Protein programmers get a helping hand from Cradle’s generative AI

Proteins are the molecules that get work done in nature, and there’s a whole industry emerging around successfully modifying and manufacturing them for various uses. But doing so is time consuming and haphazard; Cradle aims to change that with an AI-powered tool that tells scientists what new structures and sequences will make a protein do what they want it to. The company emerged from stealth today with a substantial seed round.

AI and proteins have been in the news lately, but largely because of the efforts of research outfits like DeepMind and Baker Lab. Their machine learning models take in easily collected RNA sequence data and predict the structure a protein will take — a step that used to take weeks and expensive special equipment.

But as incredible as that capability is in some domains, it’s just the starting point for others. Modifying a protein to be more stable or bind to a certain other molecule involves much more than just understanding its general shape and size.

“If you’re a protein engineer, and you want to design a certain property or function into a protein, just knowing what it looks like doesn’t help you. It’s like, if you have a picture of a bridge, that doesn’t tell you whether it’ll fall down or not,” explained Cradle CEO and co-founder Stef van Grieken.

“Alphafold takes a sequence and predicts what the protein will look like,” he continued. “We’re the generative brother of that: You pick the properties you want to engineer, and the model will generate sequences you can test in your laboratory.”

Predicting what proteins — especially ones new to science — will do in situ is a difficult task for lots of reasons, but in the context of machine learning the biggest issue is that there isn’t enough data available. So Cradle originated much of its own dataset in a wet lab, testing protein after protein and seeing what changes in their sequences seemed to lead to which effects.

Interestingly the model itself is not biotech-specific exactly but a derivative of the same “large language models” that have produced text production engines like GPT-3. Van Grieken noted that these models are not limited strictly to language in how they understand and predict data, an interesting “generalization” characteristic that researchers are still exploring.
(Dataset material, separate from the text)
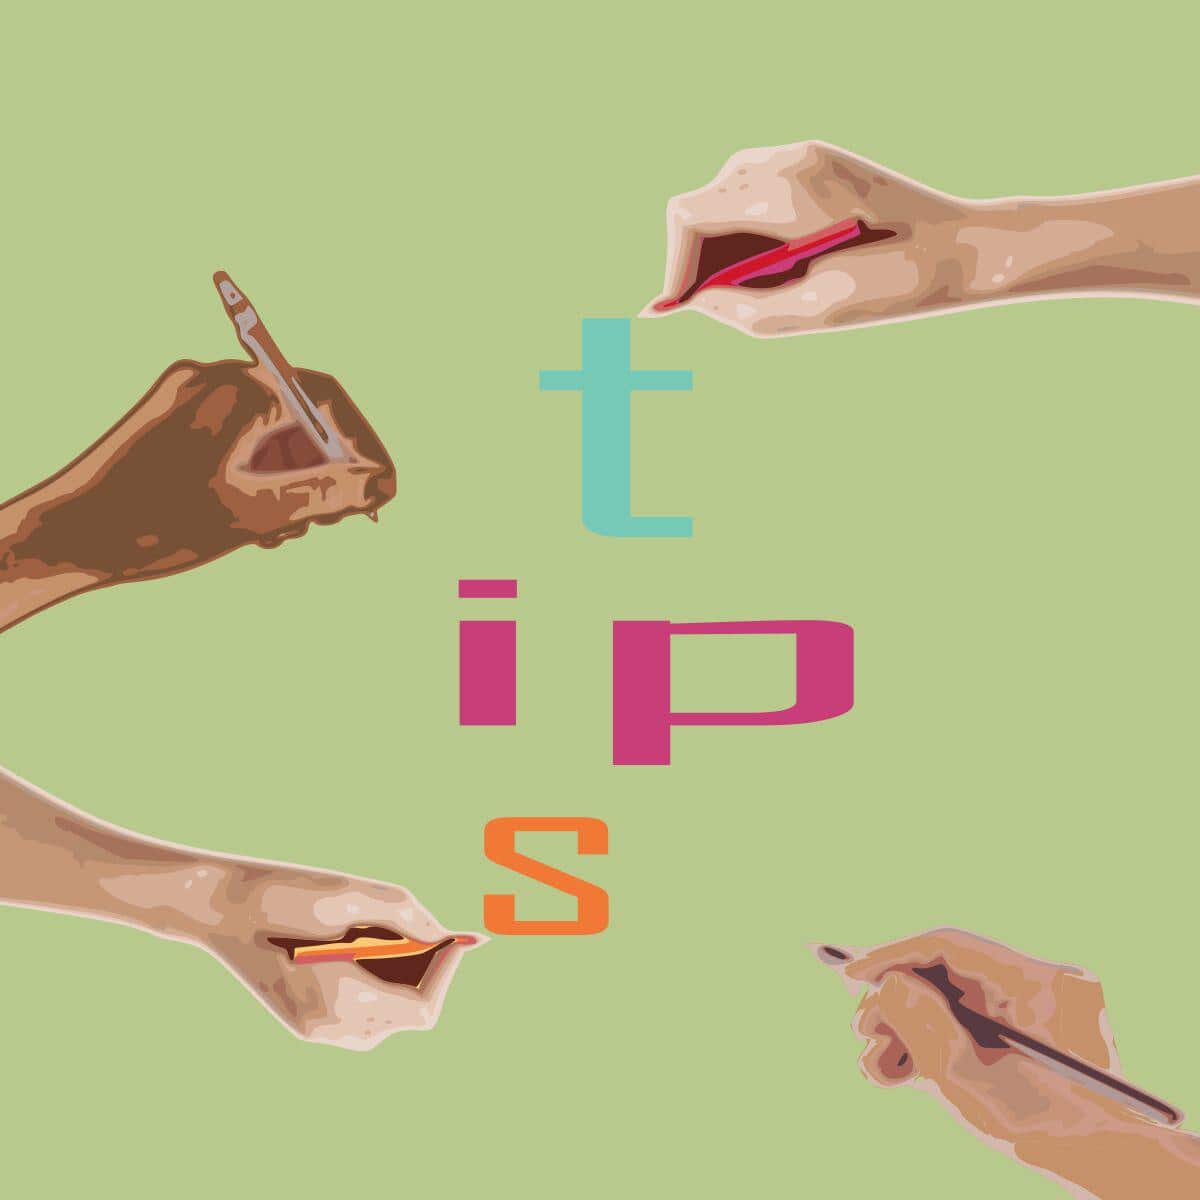 Manos escribiendo la palabra "tips"

Examples of the Cradle UI in action. Image Credits: Cradle

The protein sequences Cradle ingests and predicts are not in any language we know, of course, but they are relatively straightforward linear sequences of text that have associated meanings. “It’s like an alien programming language,” van Grieken said.

Protein engineers aren’t helpless, of course, but their work necessarily involves a lot of guessing. One may be fairly certain that among the 100 sequences they’re modifying is the combination that will produce the desired effect, but beyond that it comes down to exhaustive testing. A bit of a hint here could speed things up considerably and avoid a huge amount of fruitless labor.
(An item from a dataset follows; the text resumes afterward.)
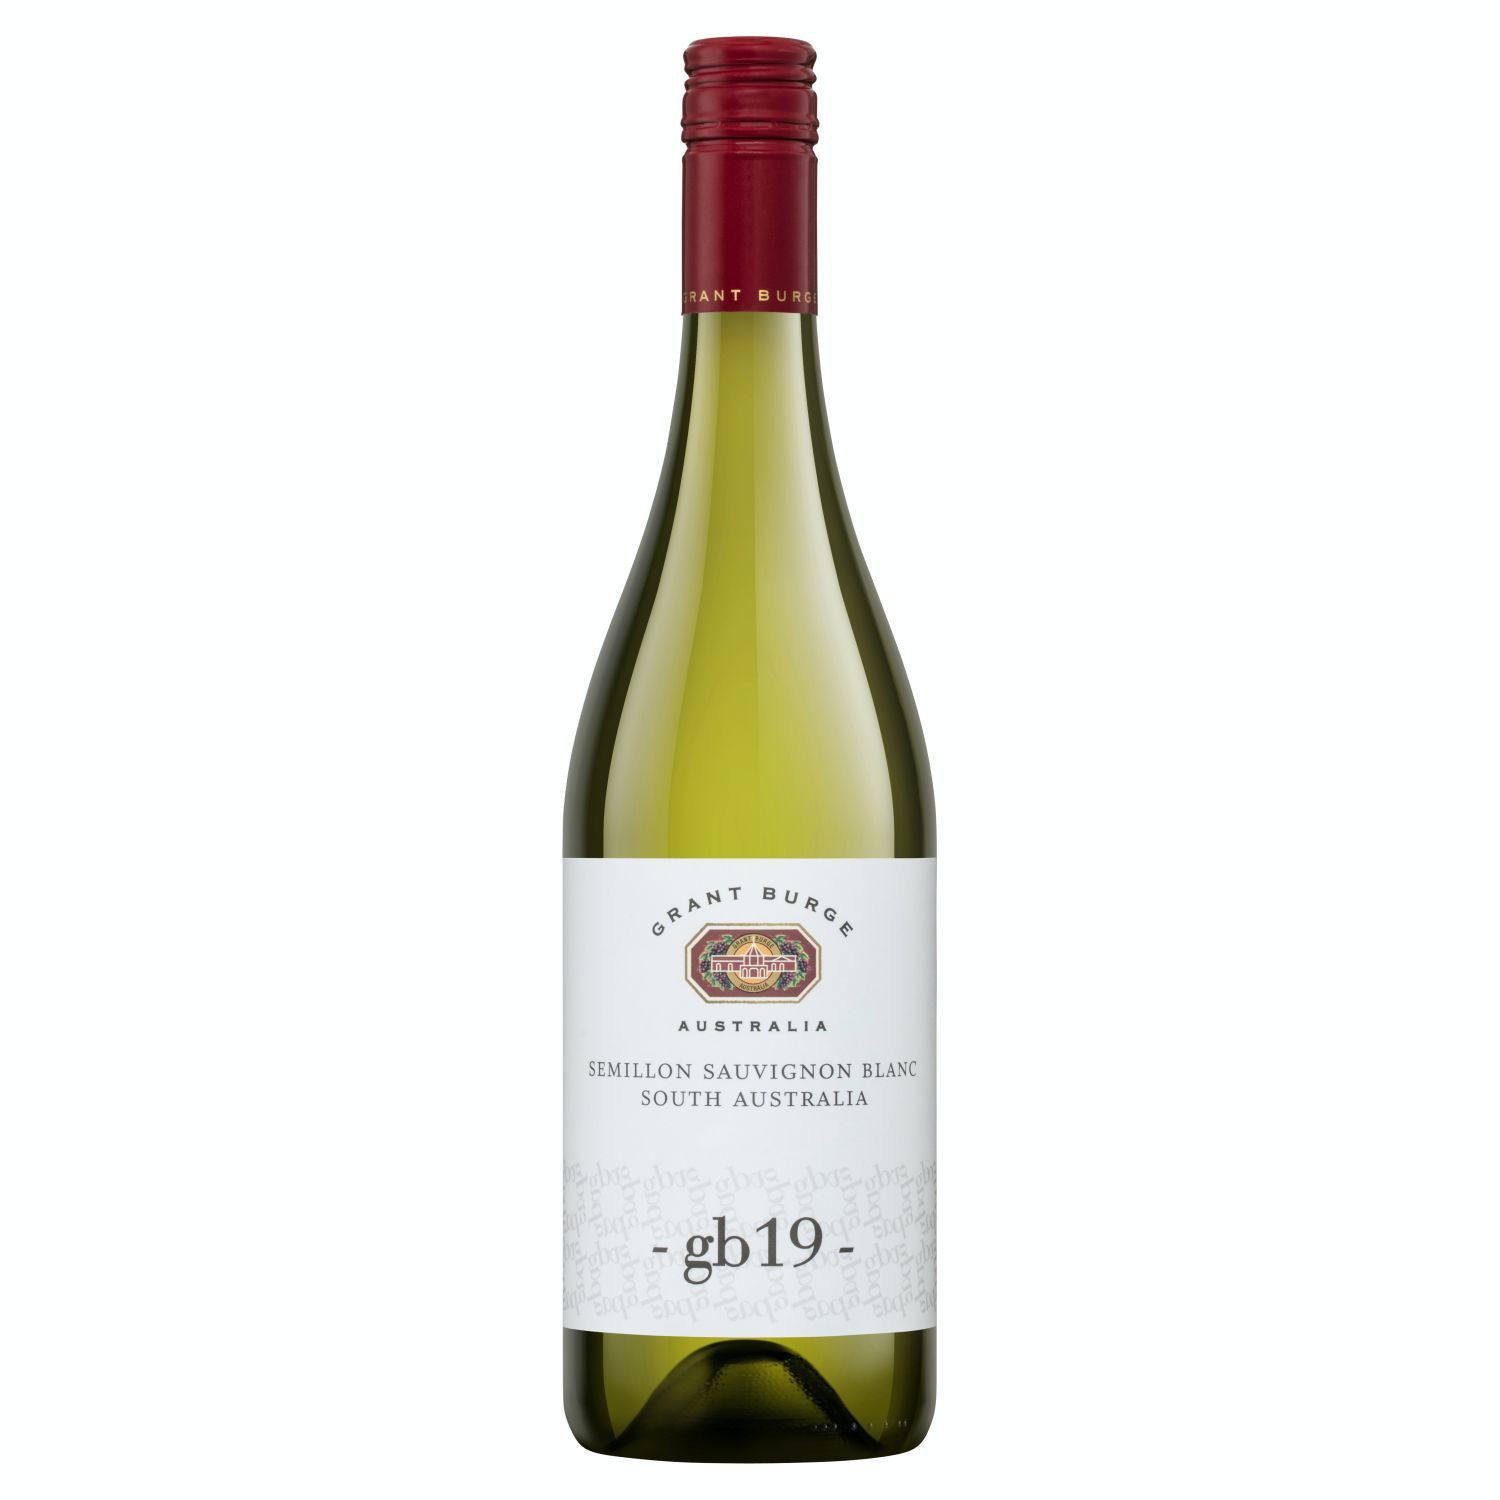 Grant Burge gb19 Semillon Sauvignon Blanc 750mL<br /> <br />Alcohol Volume: 12.50%<br /><br />Pack Format: Bottle<br /><br />Standard Drinks: 7.4</br /><br />Pack Type: Bottle<br /><br />Country of Origin: Australia<br /><br />Region: South Australia<br /><br />Vintage: '2019<br />

The model works in three basic layers, he explained. First it assesses whether a given sequence is “natural,” i.e.. whether it is a meaningful sequence of amino acids or just random ones. This is akin to a language model just being able to say with 99% confidence that a sentence is in English (or Swedish, in van Grieken’s example), and the words are in the correct order. This it knows from “reading” millions of such sequences determined by lab analysis.

Next it looks at the actual or potential meaning in the protein’s alien language. “Imagine we give you a sequence, and this is the temperature at which this sequence will fall apart,” he said. “If you do that for a lot of sequences, you can say not just, ‘this looks natural,’ but ‘this looks like 26 degrees Celsius.’ that helps the model figure out what regions of the protein to focus on.”
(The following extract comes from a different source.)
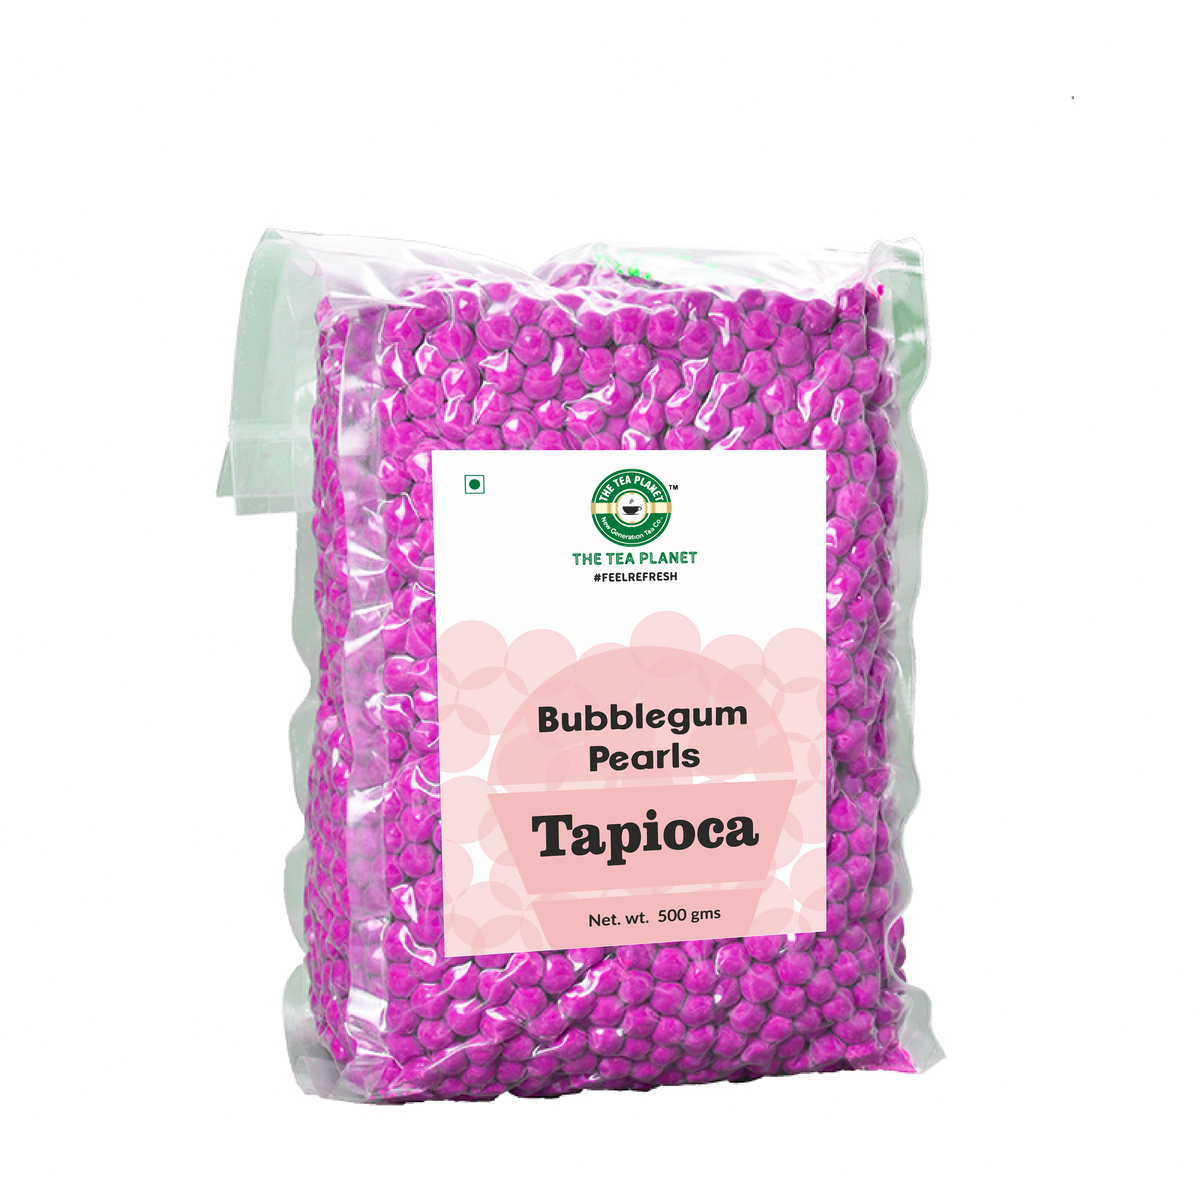 Bubblegum Tapioca Pearls - 500 gms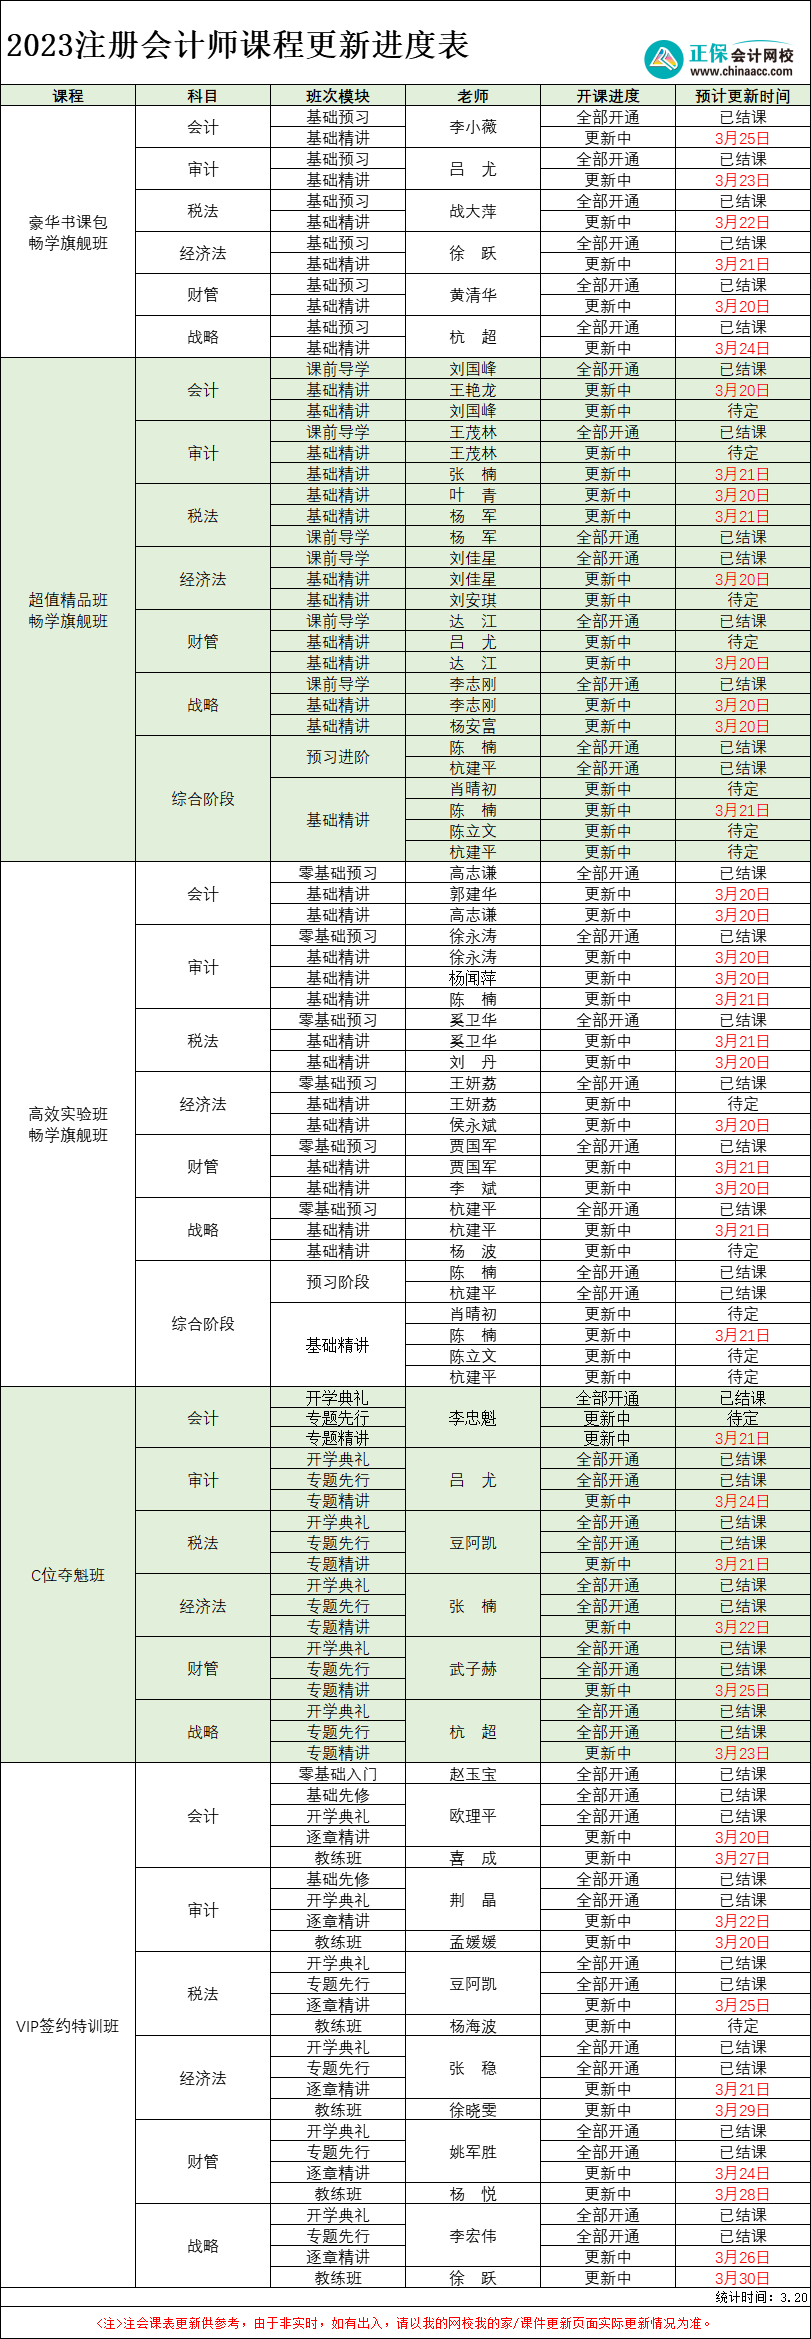 【最新】2023年注册会计师各班次课程更新进度表(3.20)

The model can then suggest sequences to slot in — educated guesses, essentially, but a stronger starting point than scratch. The engineer or lab can then try them and bring that data back to the Cradle platform, where it can be re-ingested and used to fine-tune the model for the situation.

The Cradle team on a nice day at their HQ (van Grieken is center). Image Credits: Cradle

Modifying proteins for various purposes is useful across biotech, from drug design to biomanufacturing, and the path from vanilla molecule to customized, effective and efficient molecule can be long and expensive. Any way to shorten it will likely be welcomed by, at the very least, the lab techs who have to run hundreds of experiments just to get one good result.

Cradle has been operating in stealth and is now emerging having raised $5.5 million in a seed round co-led by Index Ventures and Kindred Capital, with participation from angels John Zimmer, Feike Sijbesma and Emily Leproust.

Van Grieken said the funding would allow the team to scale up data collection — the more the better when it comes to machine learning — and work on the product to make it “more self-service.”

“Our goal is to reduce the cost and time of getting a bio-based product to market by an order of magnitude,” said van Grieken in the press release, “so that anyone — even ‘two kids in their garage’ — can bring a bio-based product to market.”